Taxes for Rome


Hands up anyone who hasn’t come to be annoyed by the tangled mass of regulations accompanying our tax collection. Entire professional branches like tax advisers and tax officers live on the complexity of the German tax system. One starts thinking if perhaps, at different times, the situation had been better; perhaps, at different times and in different places, there had been a paradise-like state where taxes were absent.

Albrecht Altdorfer, Birth of Christ. KHM, Vienna. Source: Wikipedia.

It is easy to dream of that but it doesn’t take too long to come across difficulties people of earlier times experienced with their tax offices. When flipping the New Testament open, for example, it can be read with Luke (Lu 2.1) (English Standard Version Bible): … “In those days a decree went out from Caesar Augustus that all the world should be registered.” … Thus, already in the Roman Era the citizens were acquainted with the tax return. This brings us right to our question: what was the structure of the Roman tax system like?

Generally, there were two different kinds of taxes, a tax on the yields of land (tributum soli) and a capitation tax (tributum capitis). The Roman citizens were exempt from the latter whereas all other inhabitants of the Imperium Romanum were obliged to pay. Augustus was the first emperor – all other subsequent emperors were to do the same on a regular basis –, who installed in the provinces and the captured territories lists all people, rich and poor alike, had to enroll in, for the state wanted to know which income to calculate with. Anyone who owned land completed a declaration of income – like today. The form of that estimation of future yields has come down to us, dating to Severan times, around A. D. 200. The tax payer first stated the name of his possessions, the district and the village where the fields were located. For a precise location of these fields, the names of the two next neighbors had to be stated in the official records, too. An important issue was the size of the property in case it was fields for grain farming. With vineyards the number of vine stock were stated, with olive groves the number of trees; with pasture lands, grassland and forests for timber cutting the declaration of measures sufficed.
The possession of slaves likewise was tax-effective. They had to be specified regarding origin, age, duties and standard education. The tax office was able to deduce from that the profit their owner would derive from them.
Fishponds and salines were regarded special income and were listed separately. Cattle, agricultural buildings and equipment were tax-free.
As a general rule, the tax-payers made a self-assessment although the authorities checked the plausibility of the declaration with the aid of old tax lists and measuring on site. In some cases even members of the local elite were charged with collecting the taxes since they were the ones who ascertained the most quickly and easiest way whether someone tried to evade taxes. Anyone planning on doing so had to expect to be put in irons and imprisoned.

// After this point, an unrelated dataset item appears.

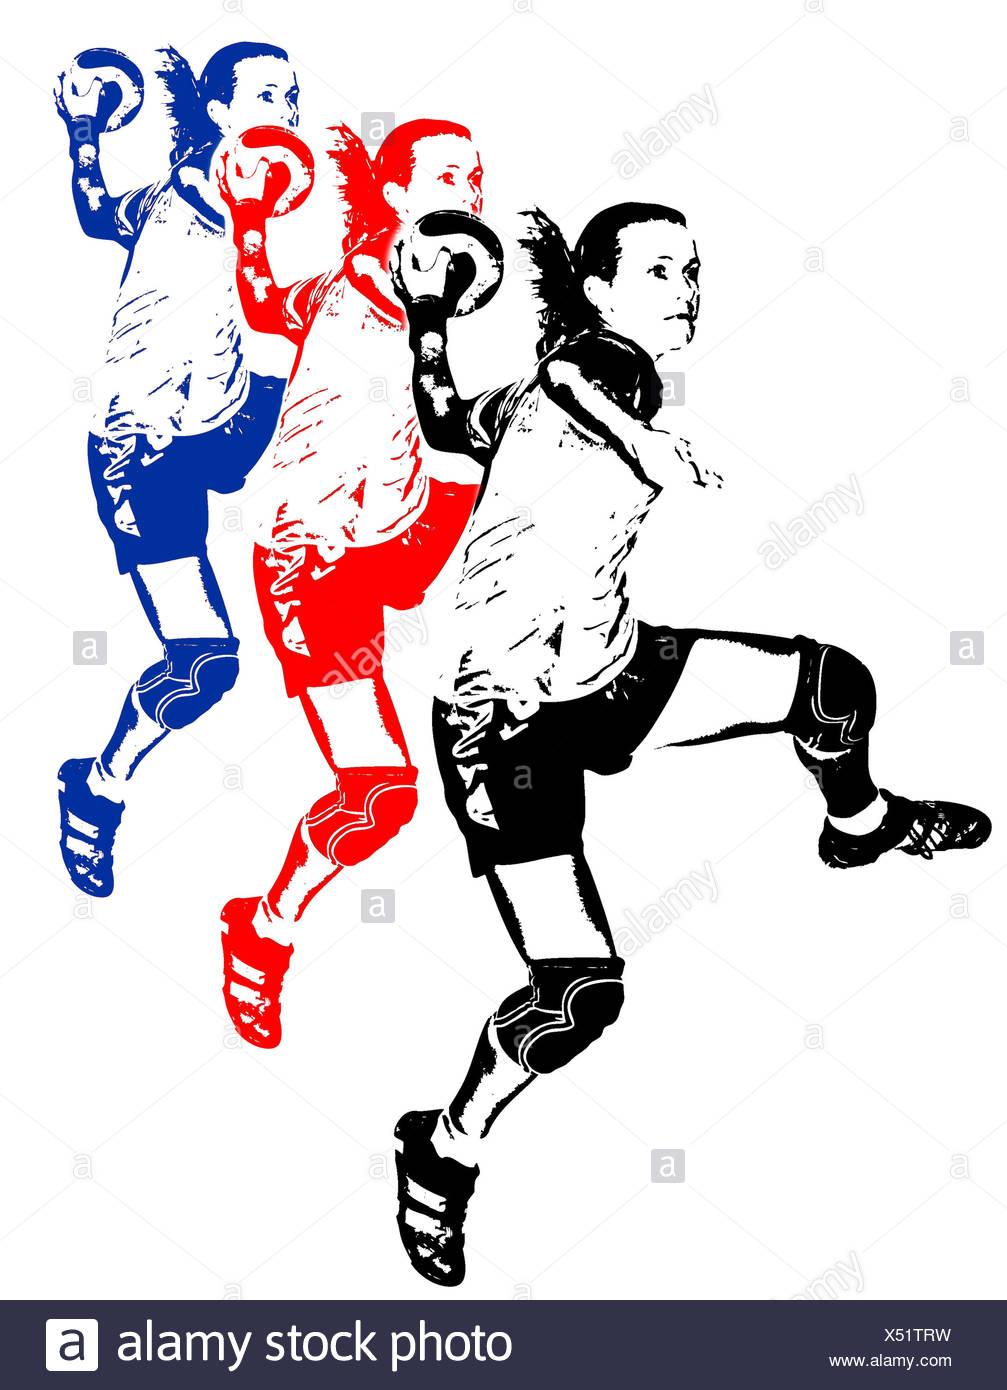 sport sports ball sport - Stock Image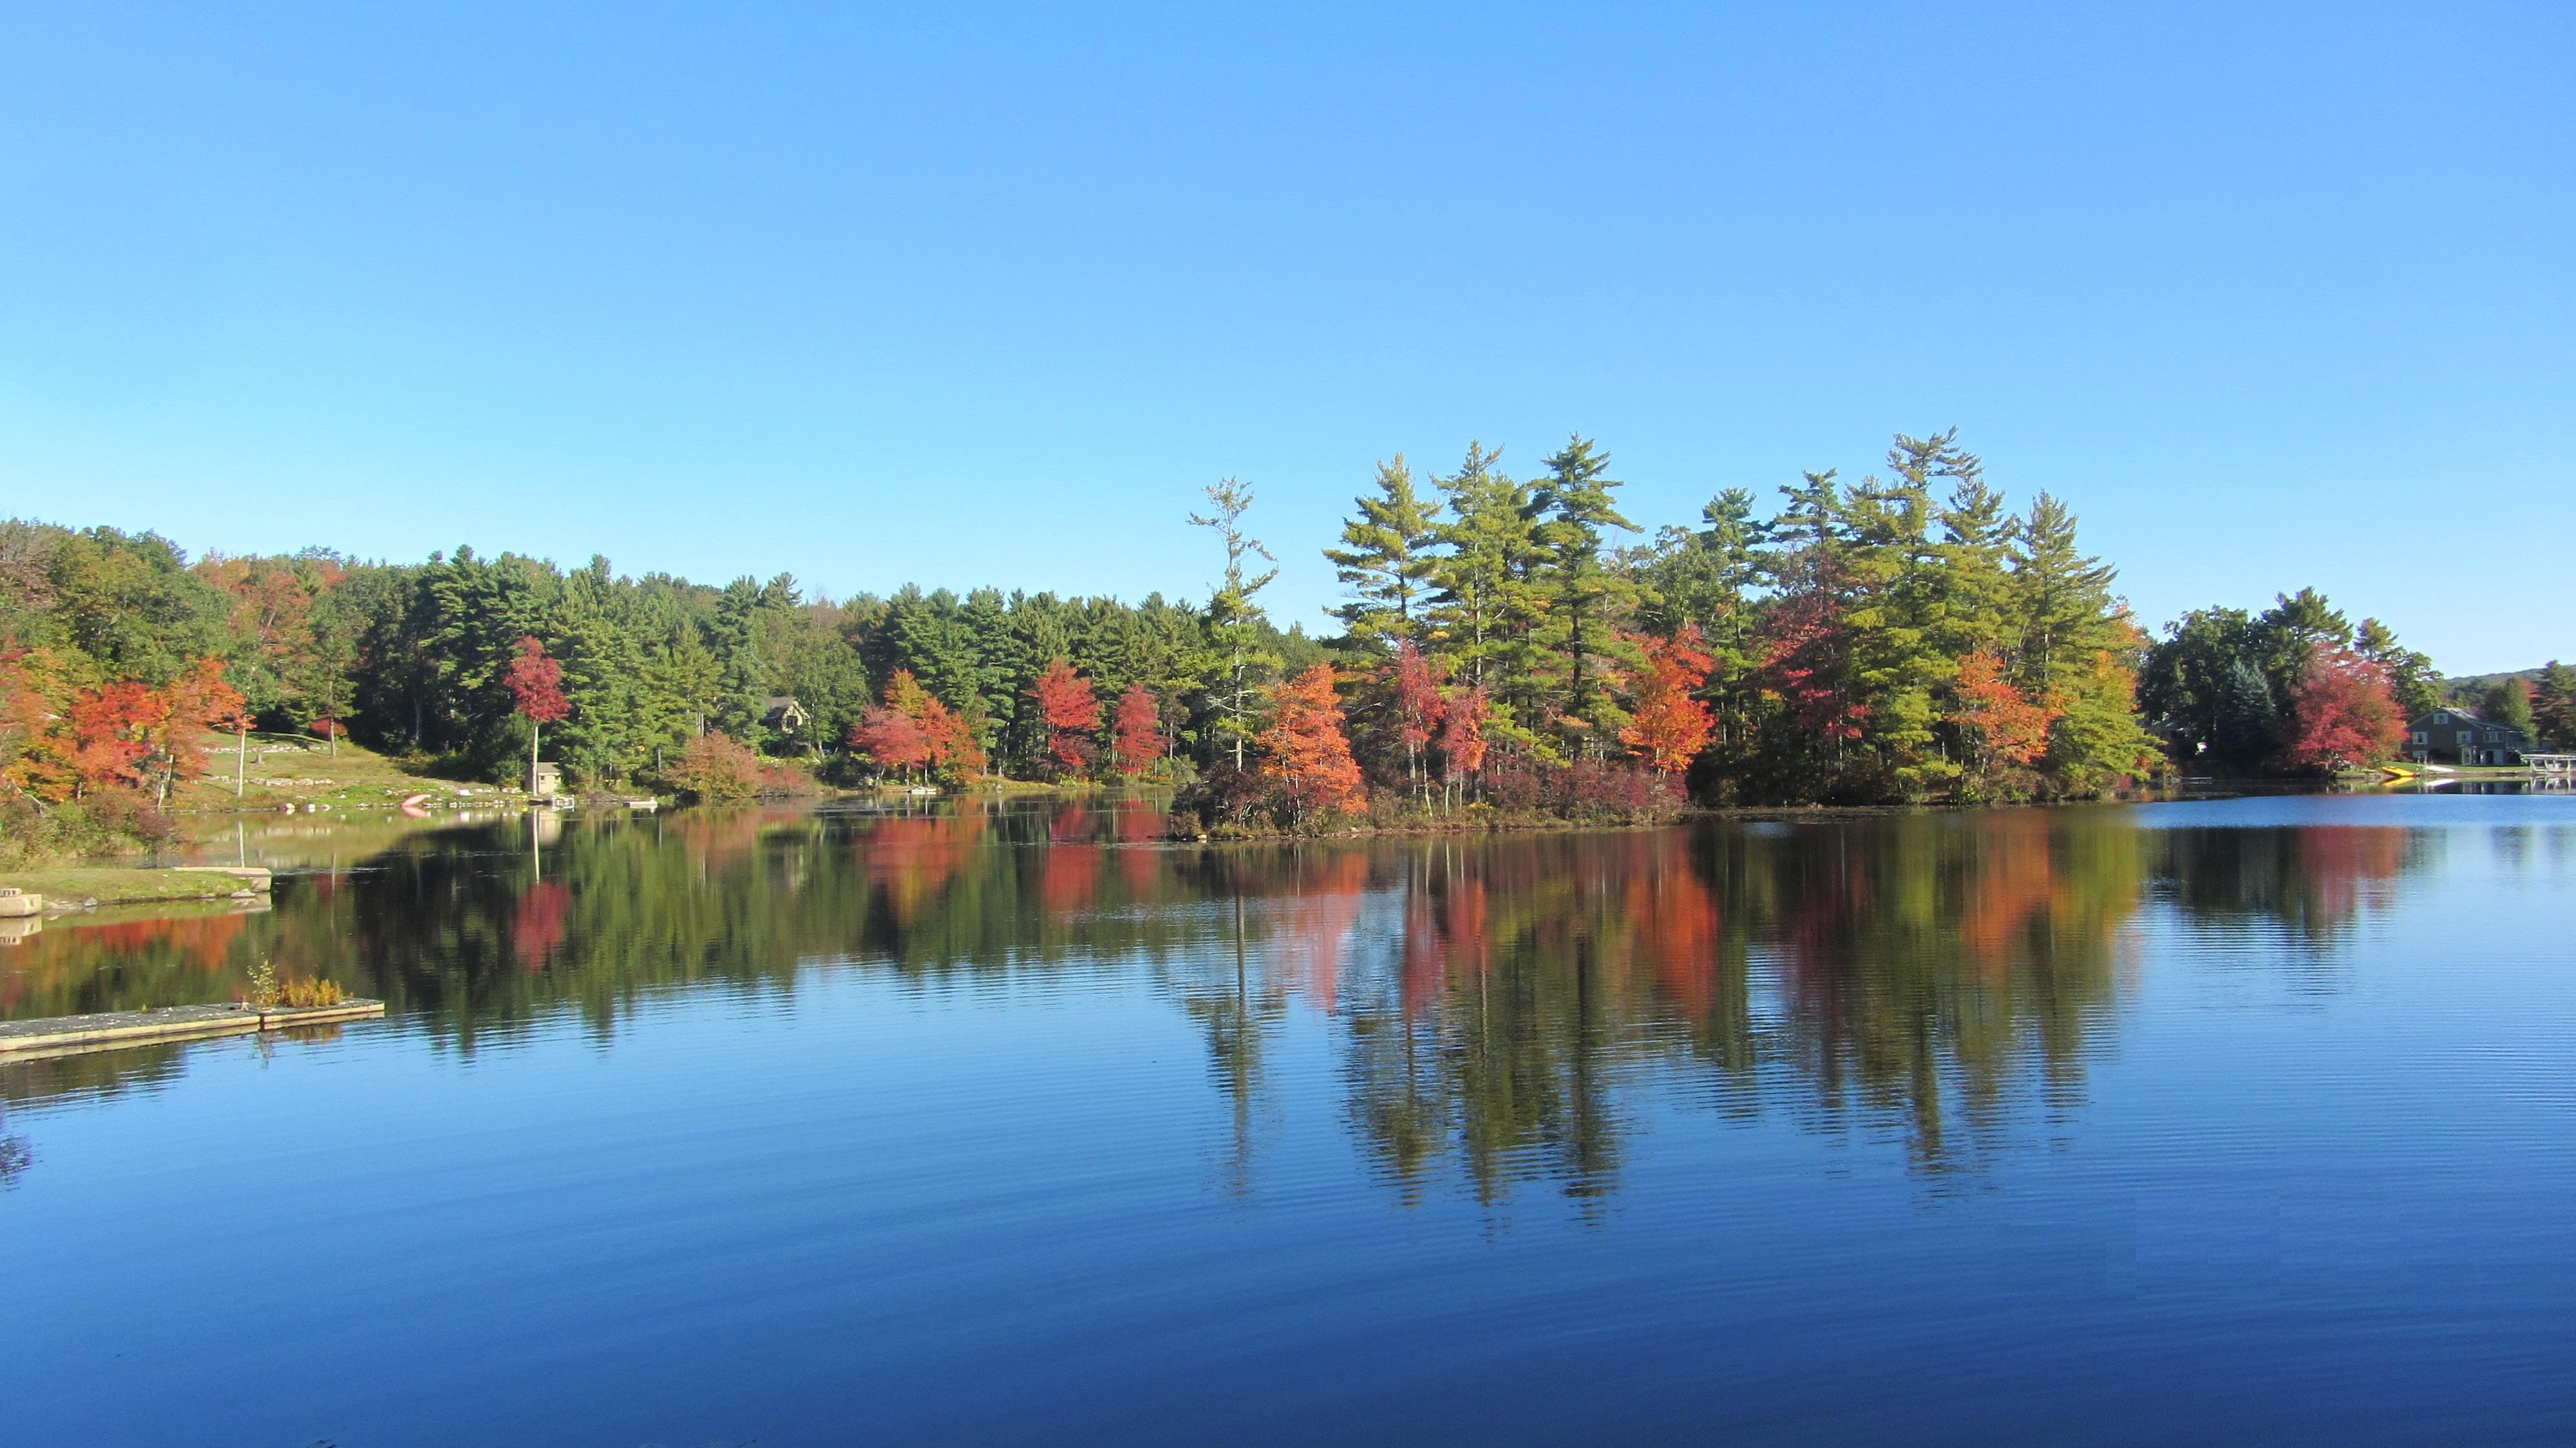 Thompson Pond

So-called tribute penny, a denarius of Tiberius, RIC 30. From auction The New York Sale XX (2009), 395.

Even those devoid of possessions of any kind were obliged to pay a kind of personal income tax to the Roman authorities. They paid tax on their body as a potential instrument with which to earn a living. Consequently, children and elder people who in no physical condition to earn a living themselves, were exempt from taxes. That tax was regarded particularly oppressive and demeaning. That tax, too, is reflected in the New Testament (Math. 22 and Marc. 12.17): when asked the catch question by the Pharisees whether or not the paying of a capitation tax to the emperor was legal, Jesus asked to be shown a denarius of Tiberius as the coin that tax was generally paid with.  He looked at the emperor’s head depicted on that coin and said: “Render to Caesar the things that are Caesar’s, and to God the things that are God’s.”